→ INSTRUCTIONS FOR THE TASK:
The full listing should be written out verbatim, and its images should be dropped.

→ INFORMATION SUPPLIED:

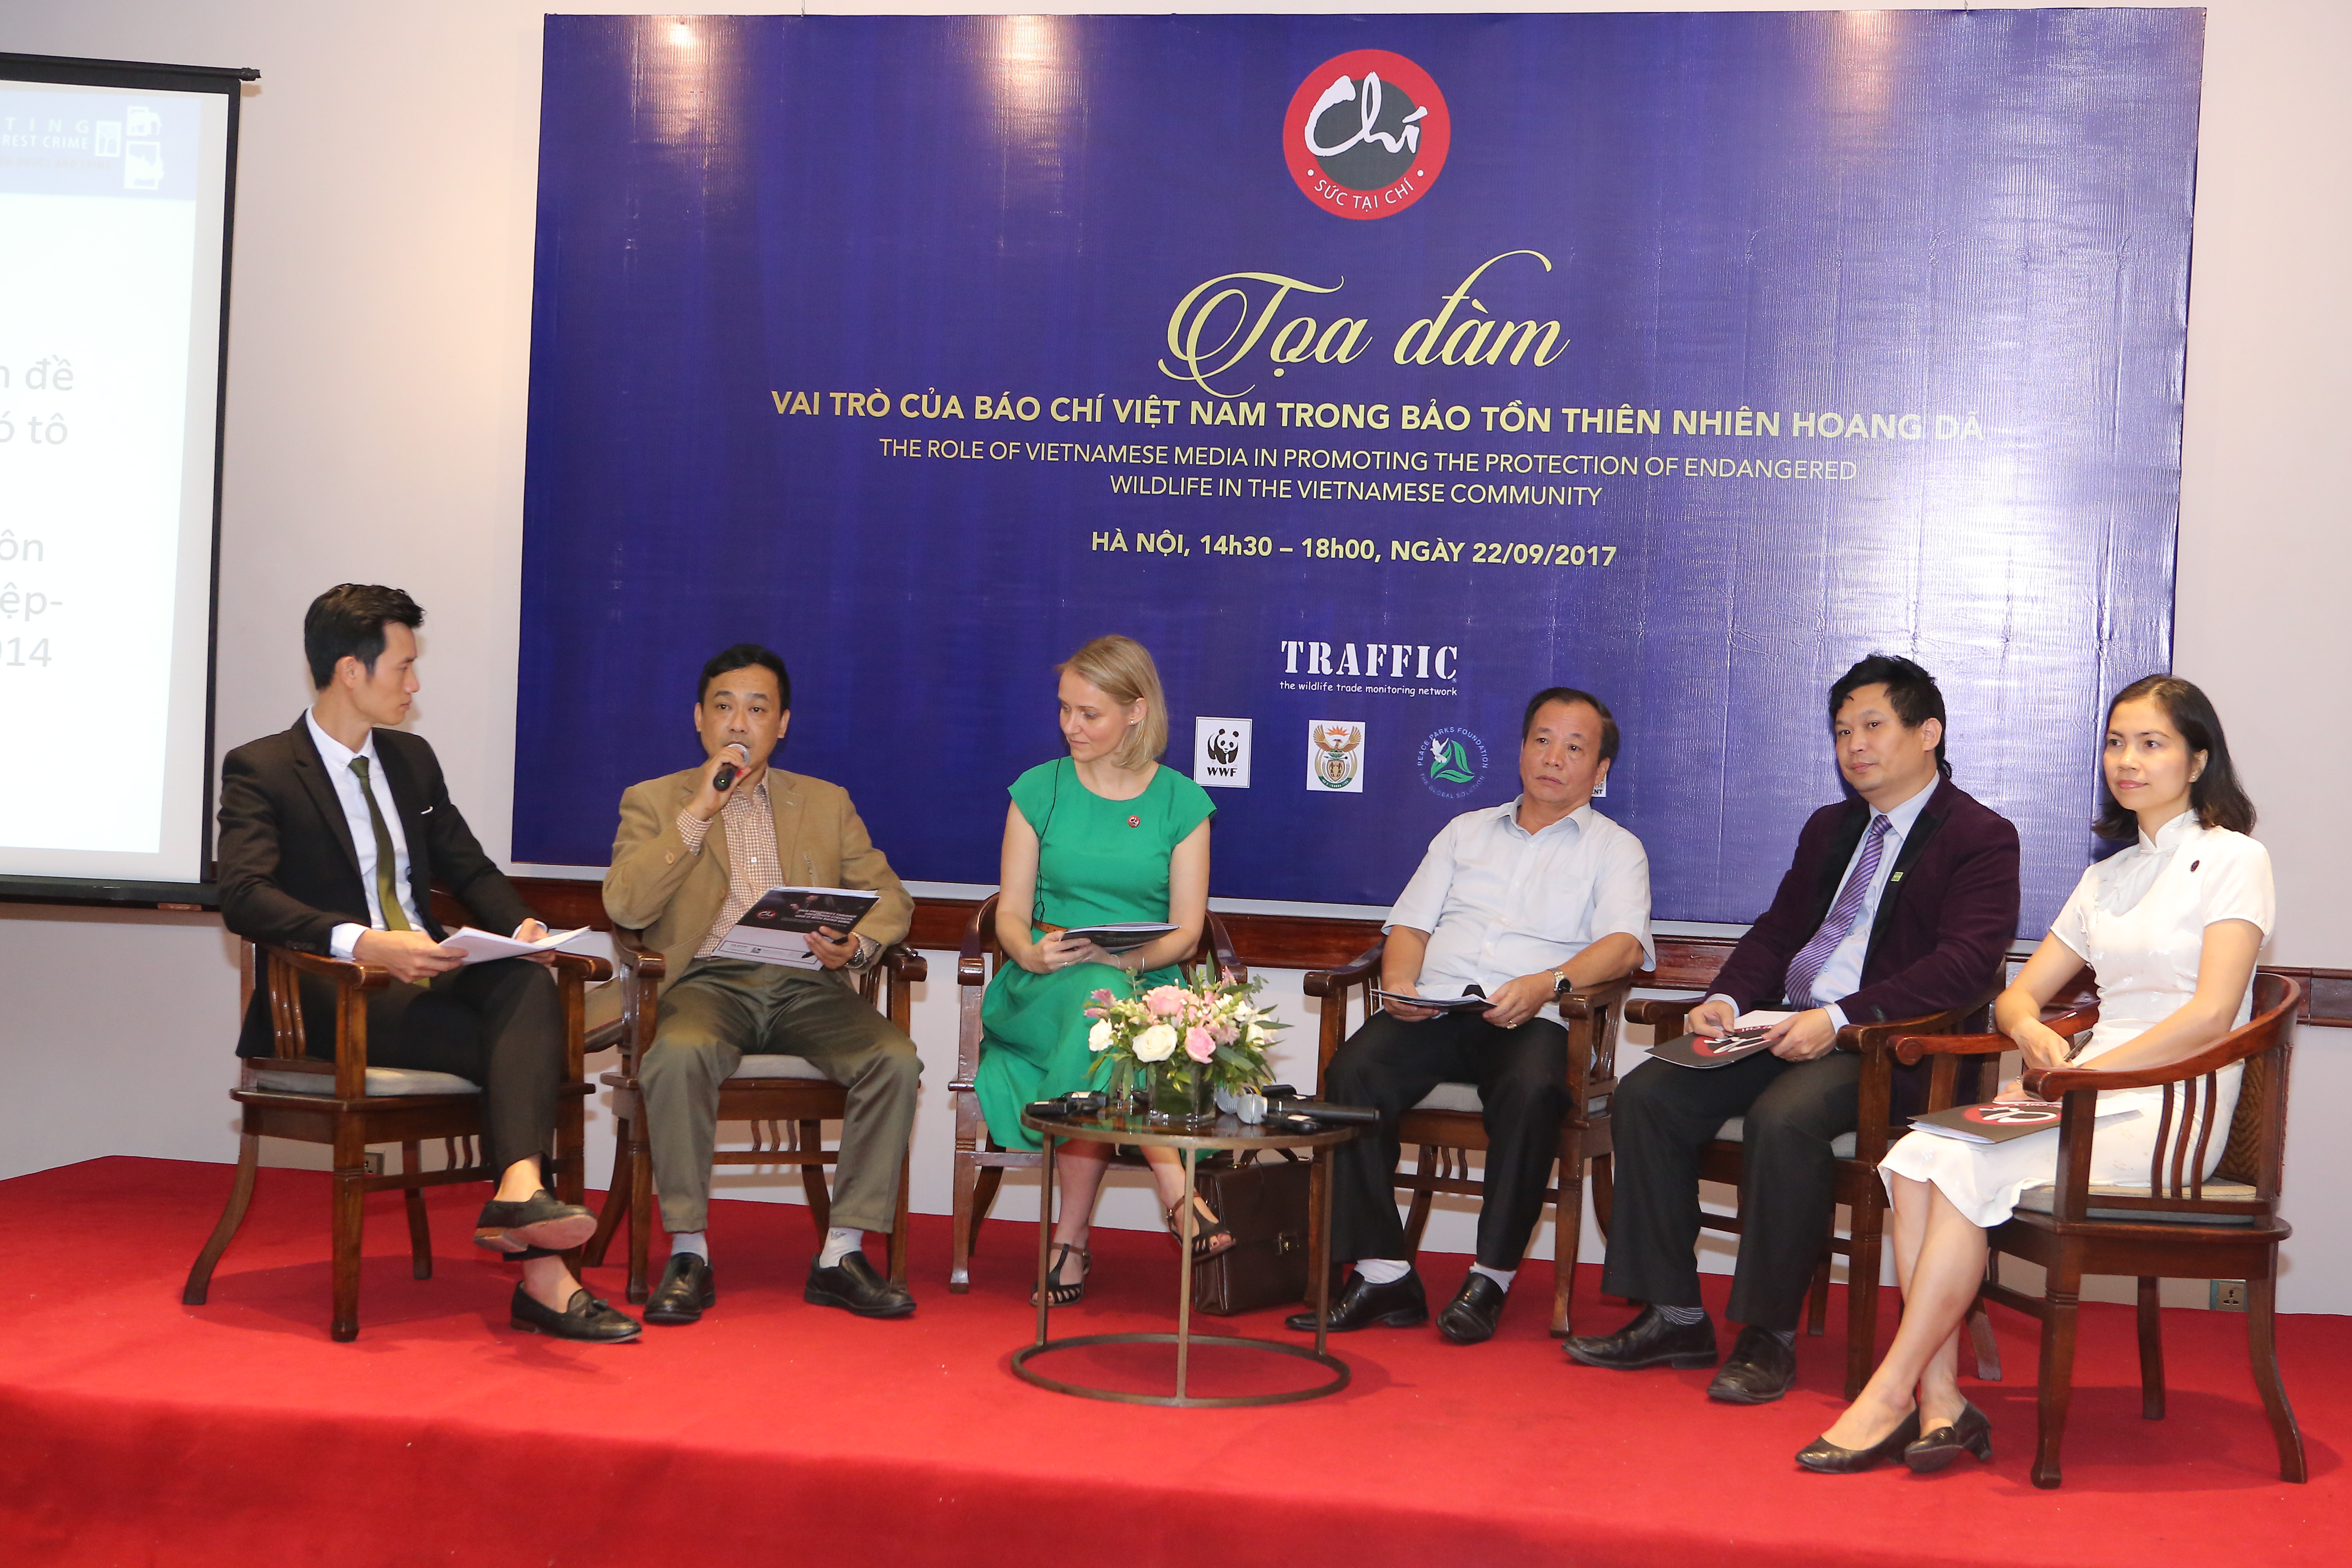 Vietnamese media to become “agents of change” in efforts to deter wildlife crime
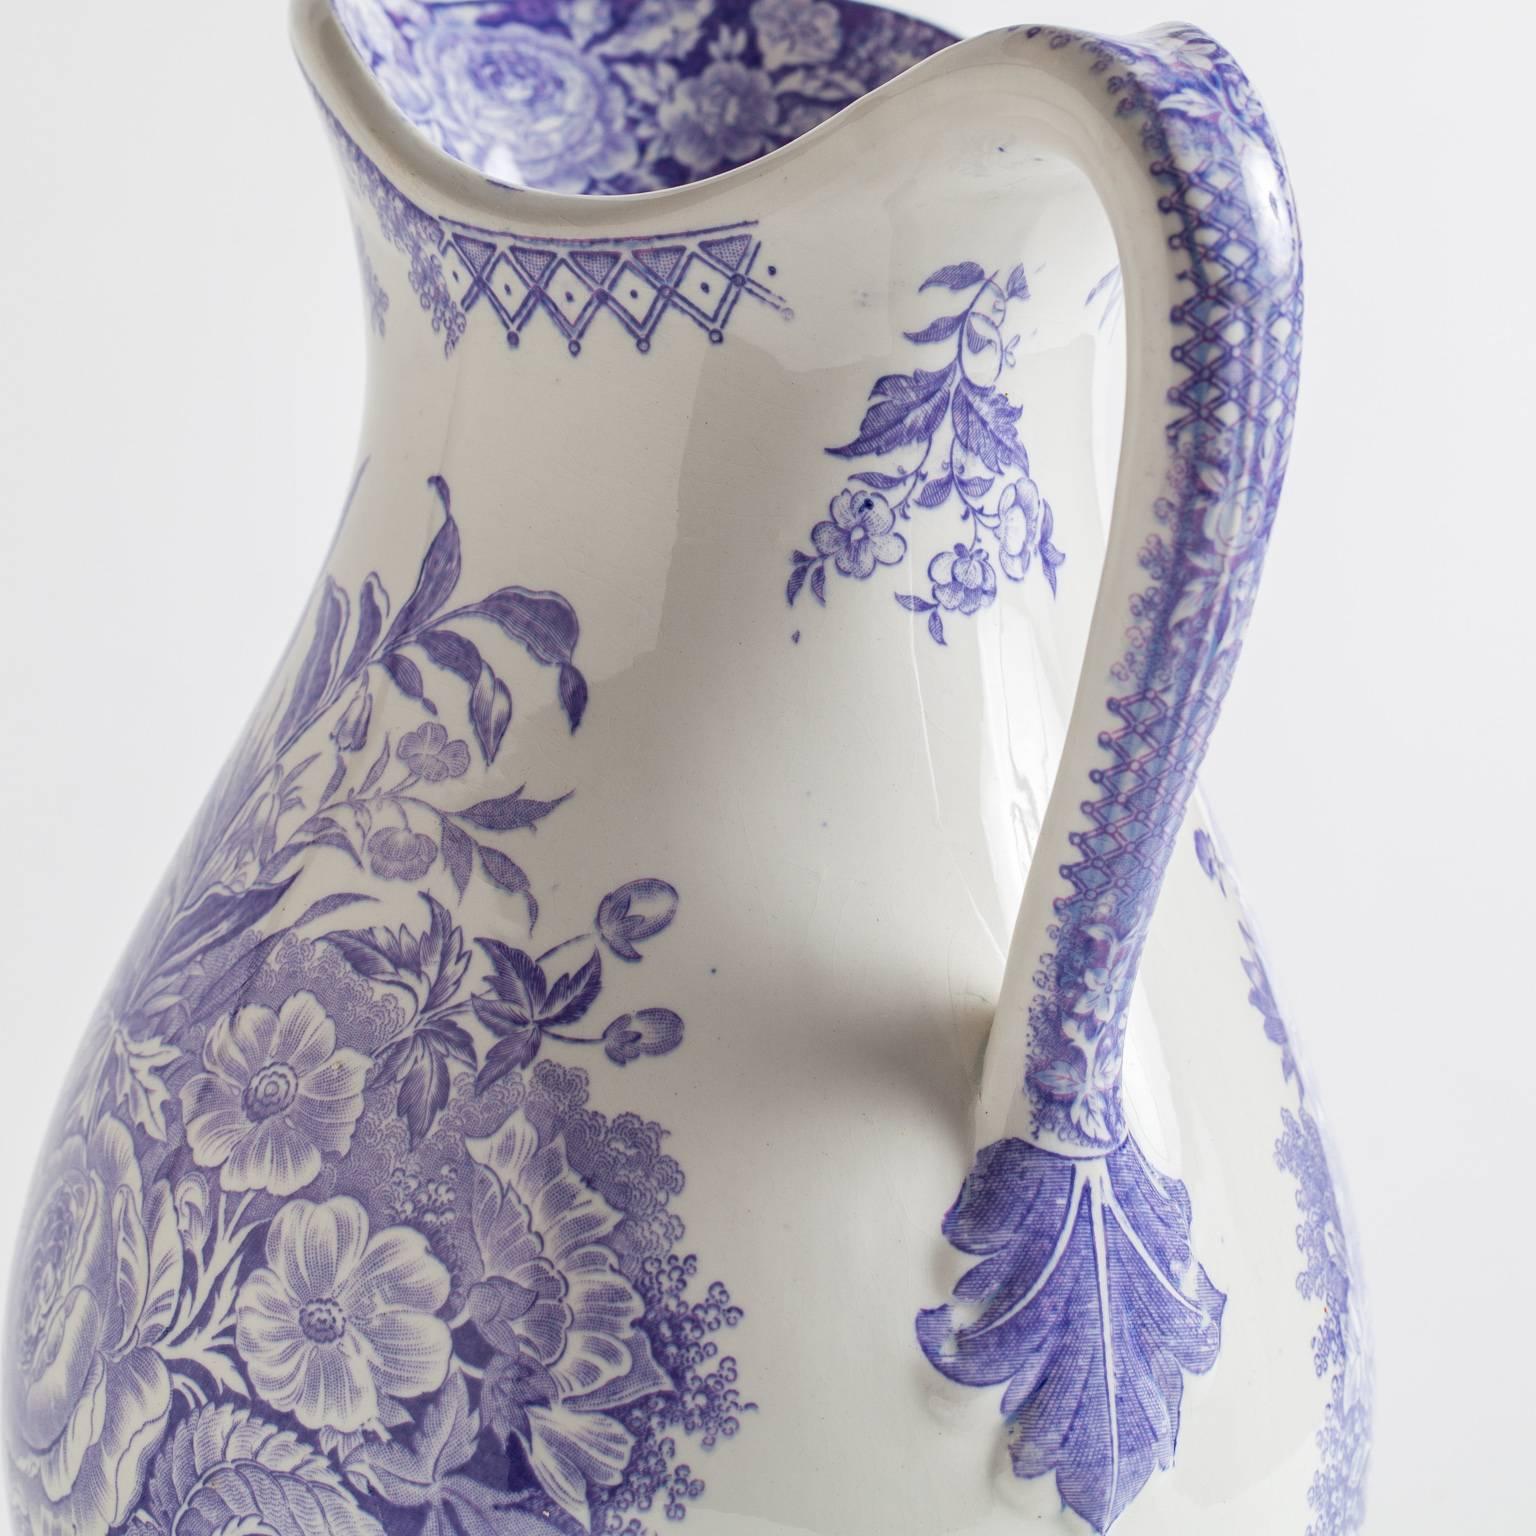 This pitcher with voluptuous bouquets of lavender blossoms is marked; “Jardiniere” Sarreguimines, France.

10.5” high
7.5” wide.

→ RESPONSE AREA:
 Vietnamese media to become “agents of change” in efforts to deter wildlife crime
 This pitcher with voluptuous bouquets of lavender blossoms is marked; “Jardiniere” Sarreguimines, France.

10.5” high
7.5” wide.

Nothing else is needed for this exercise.